The task: Would you restate the listing word for word, with the images omitted?

Collected data:
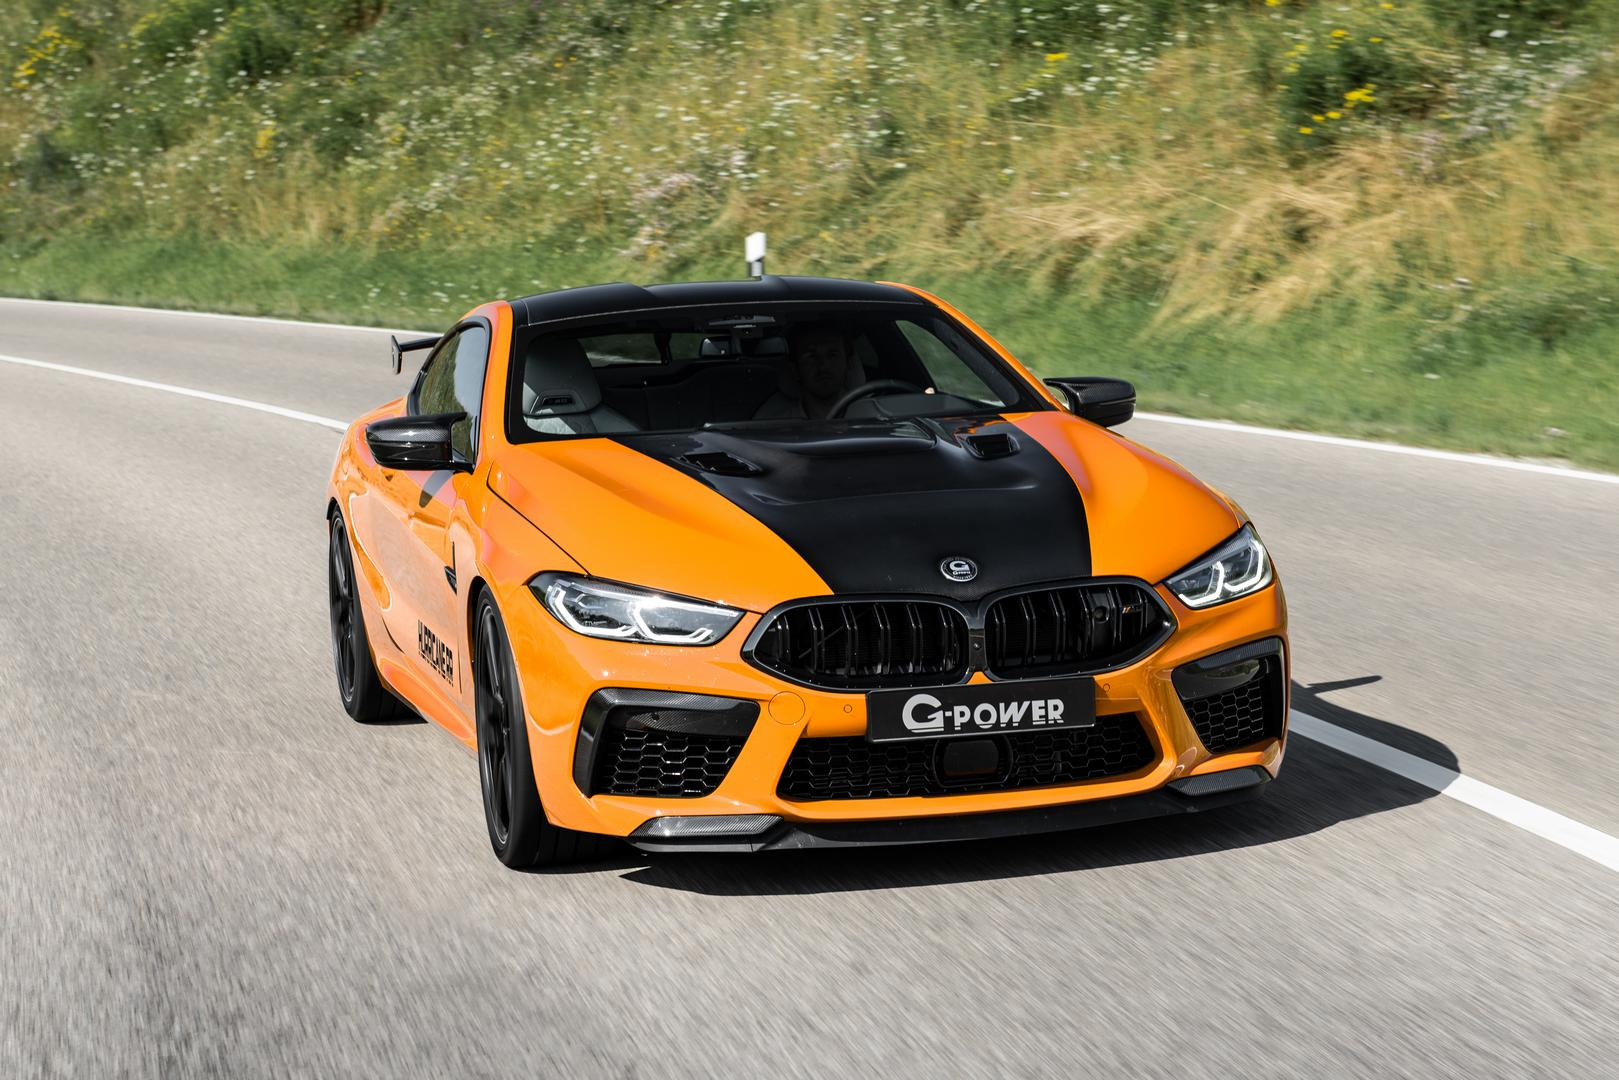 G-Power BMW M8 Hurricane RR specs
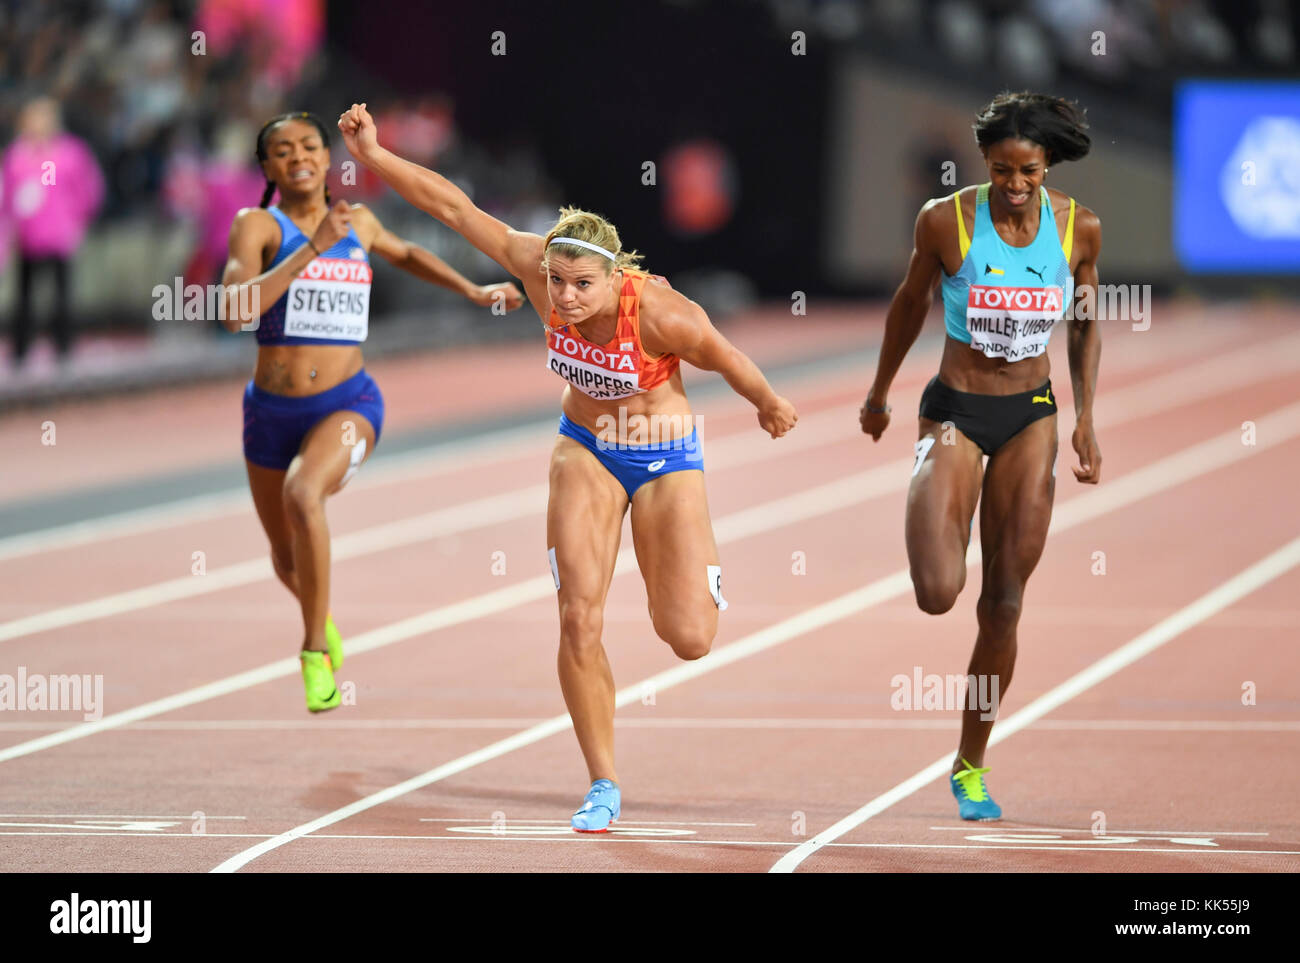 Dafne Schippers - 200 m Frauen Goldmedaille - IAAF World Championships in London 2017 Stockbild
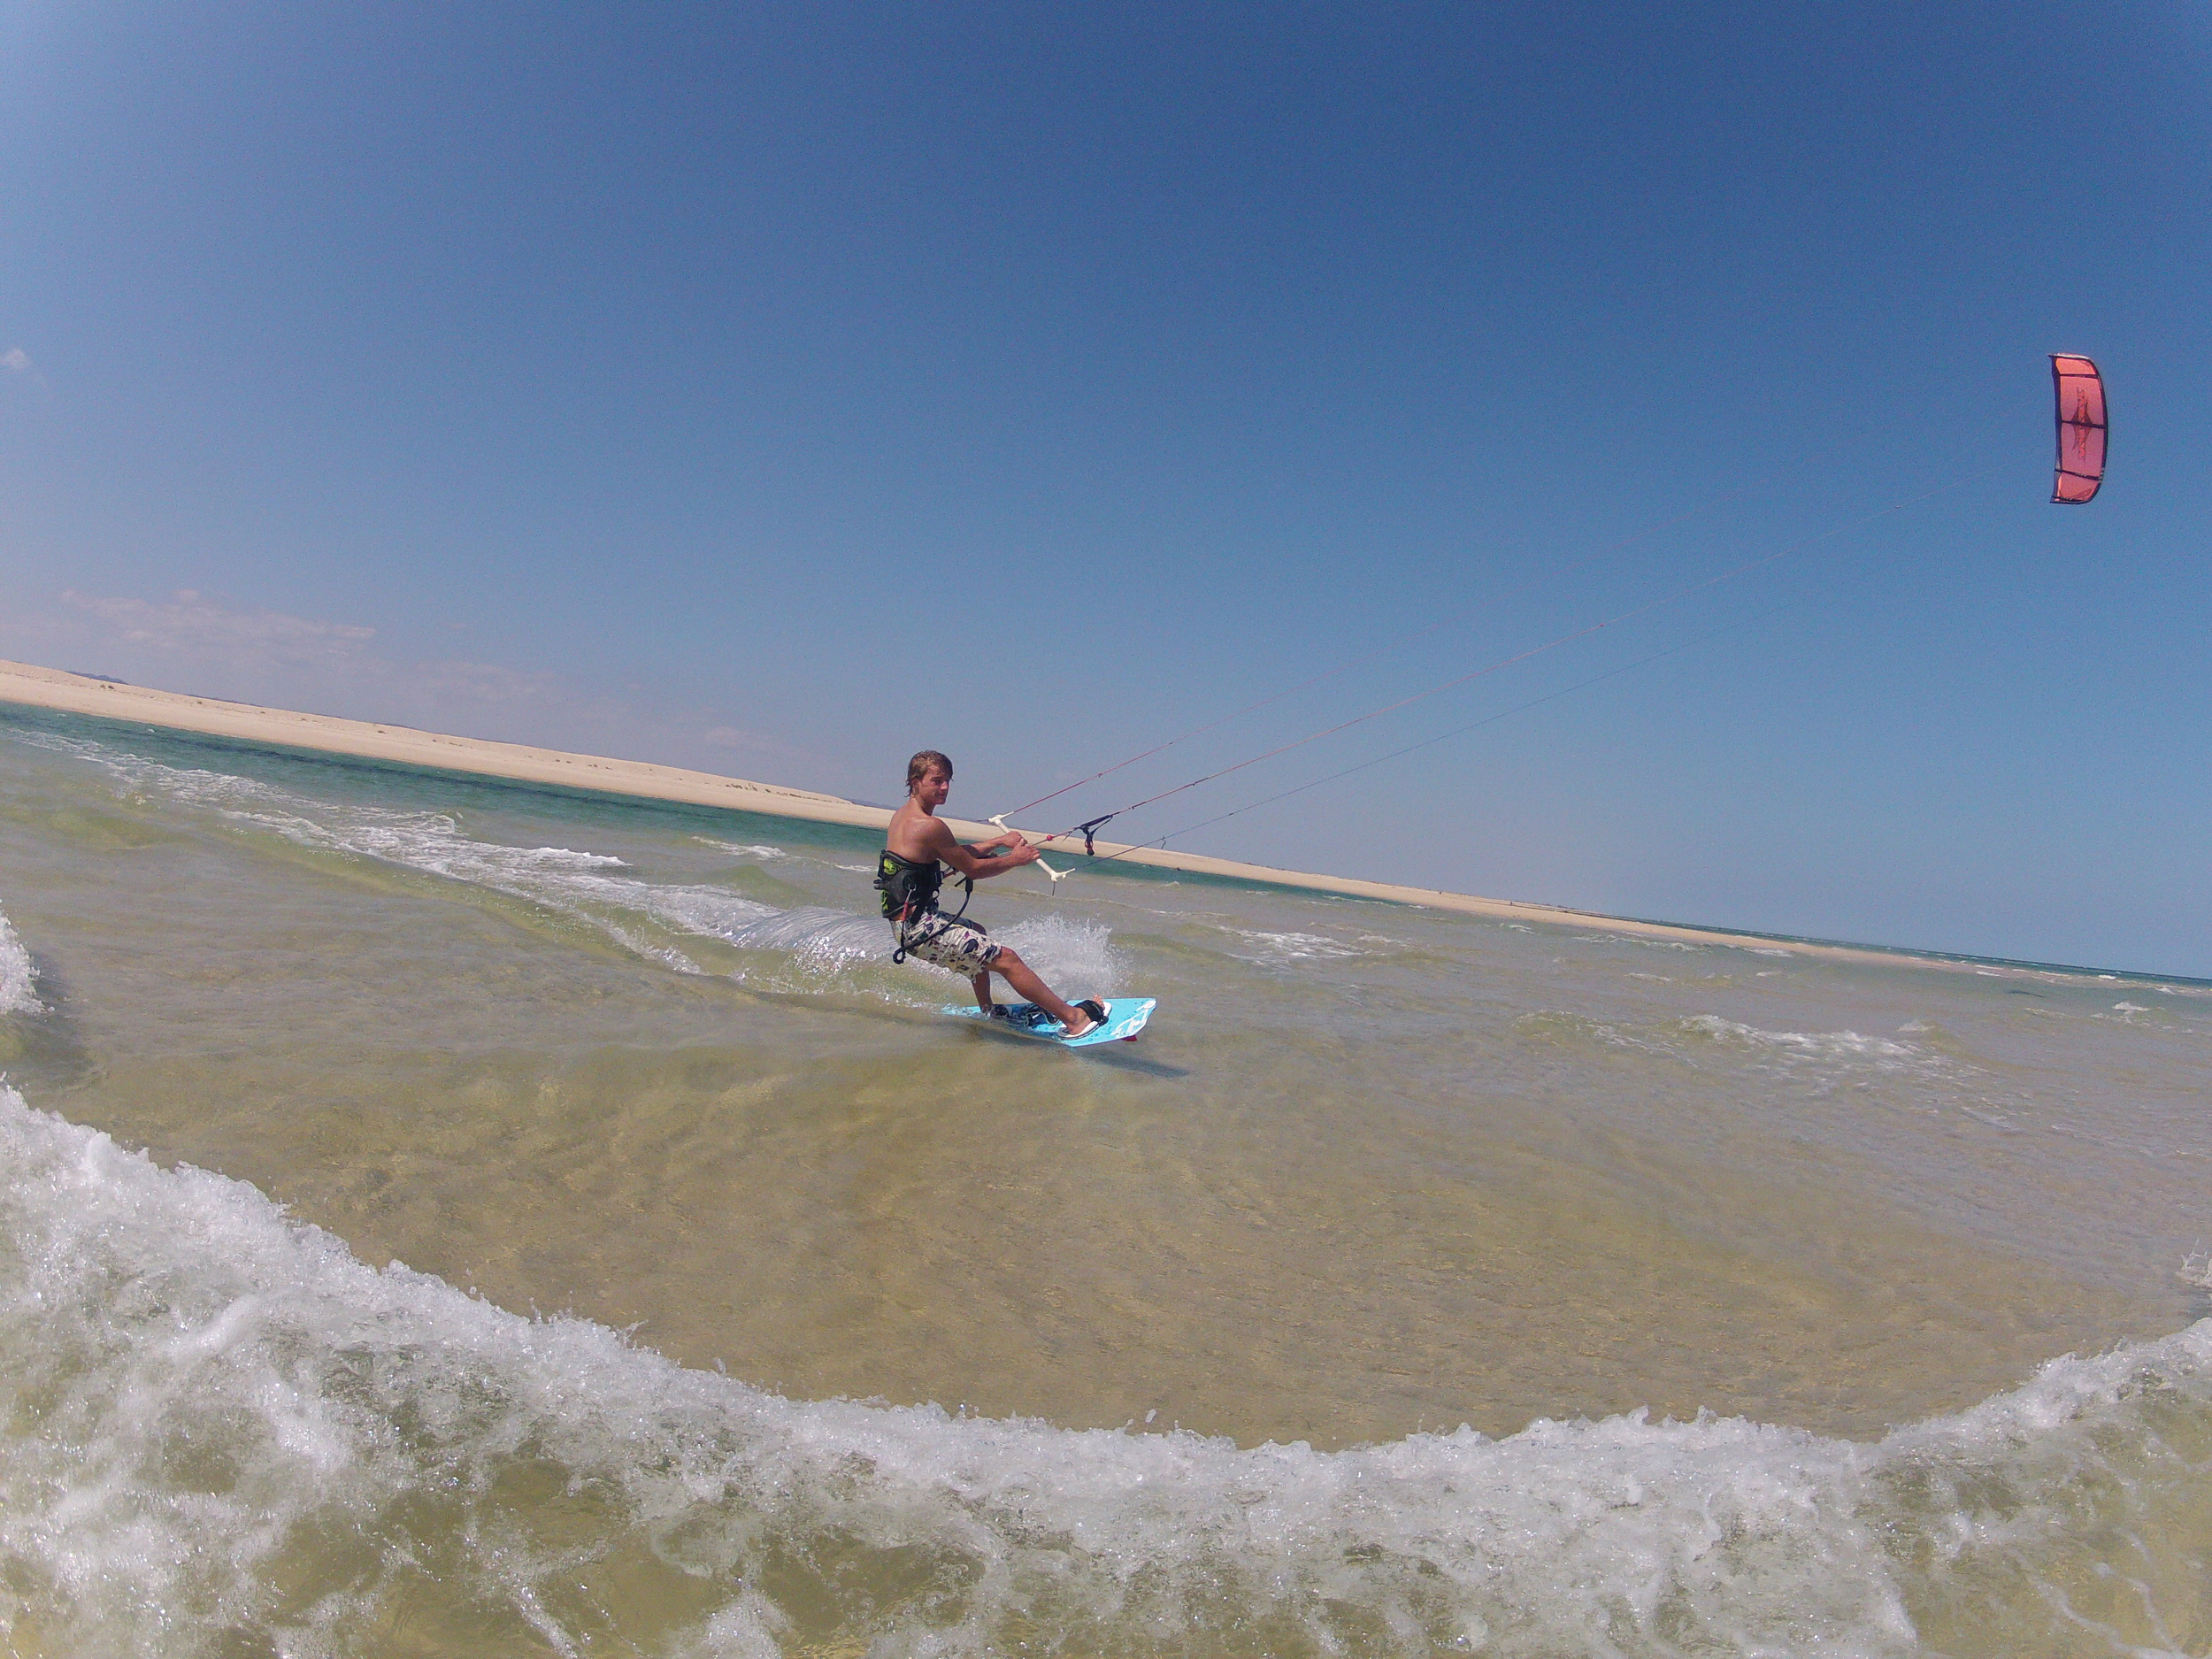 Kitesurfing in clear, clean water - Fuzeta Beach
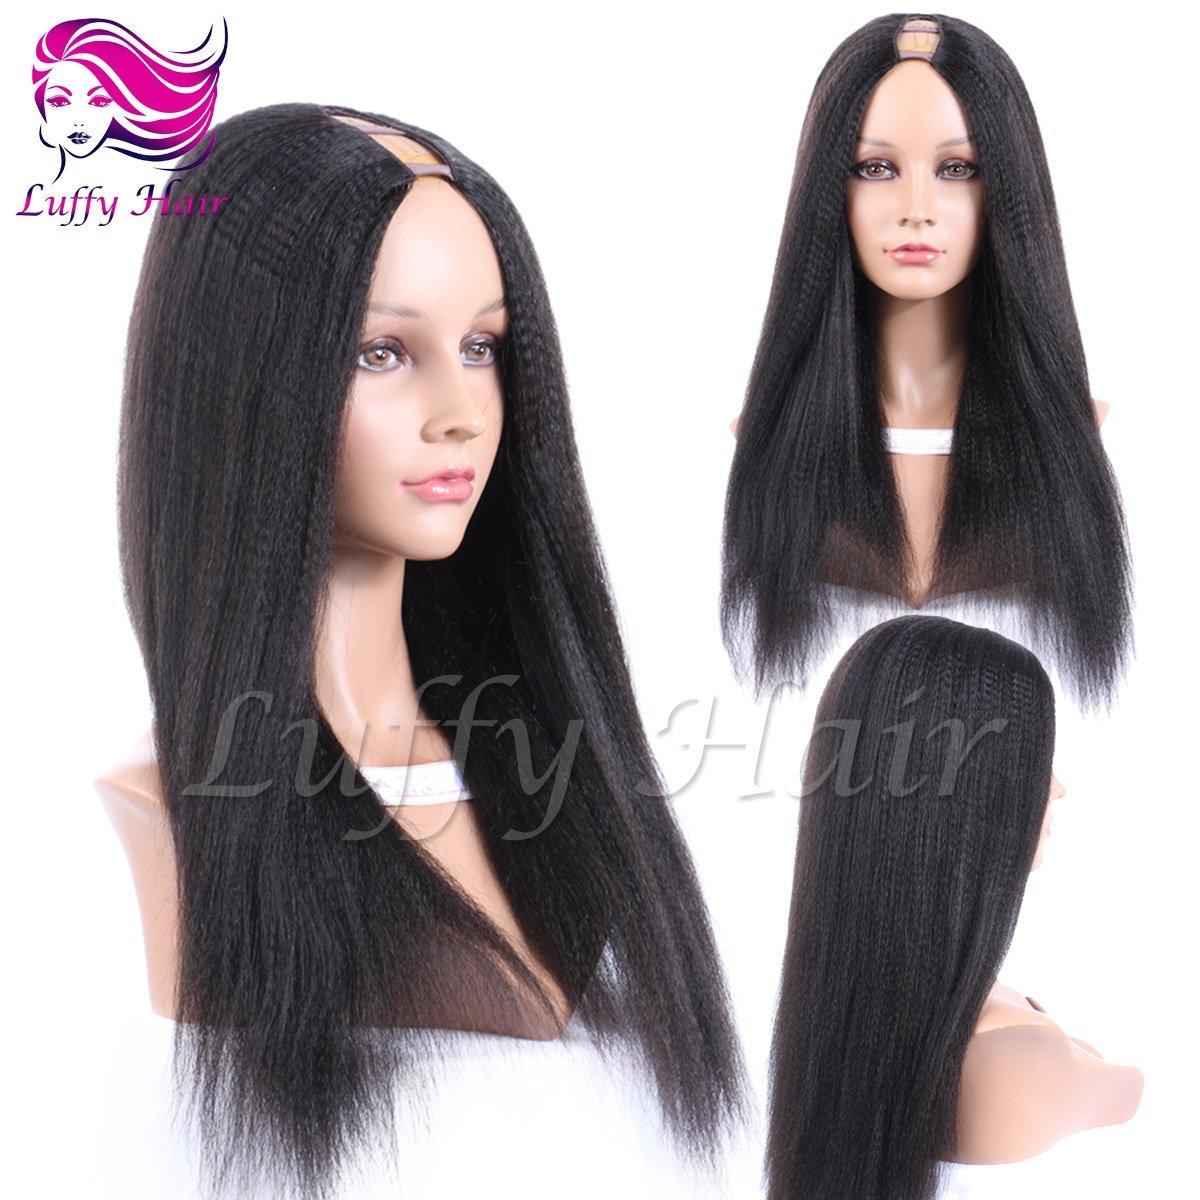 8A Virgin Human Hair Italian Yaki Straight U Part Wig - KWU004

Output below:
 G-Power BMW M8 Hurricane RR specs
 Dafne Schippers - 200 m Frauen Goldmedaille - IAAF World Championships in London 2017 Stockbild
 Kitesurfing in clear, clean water - Fuzeta Beach
 8A Virgin Human Hair Italian Yaki Straight U Part Wig - KWU004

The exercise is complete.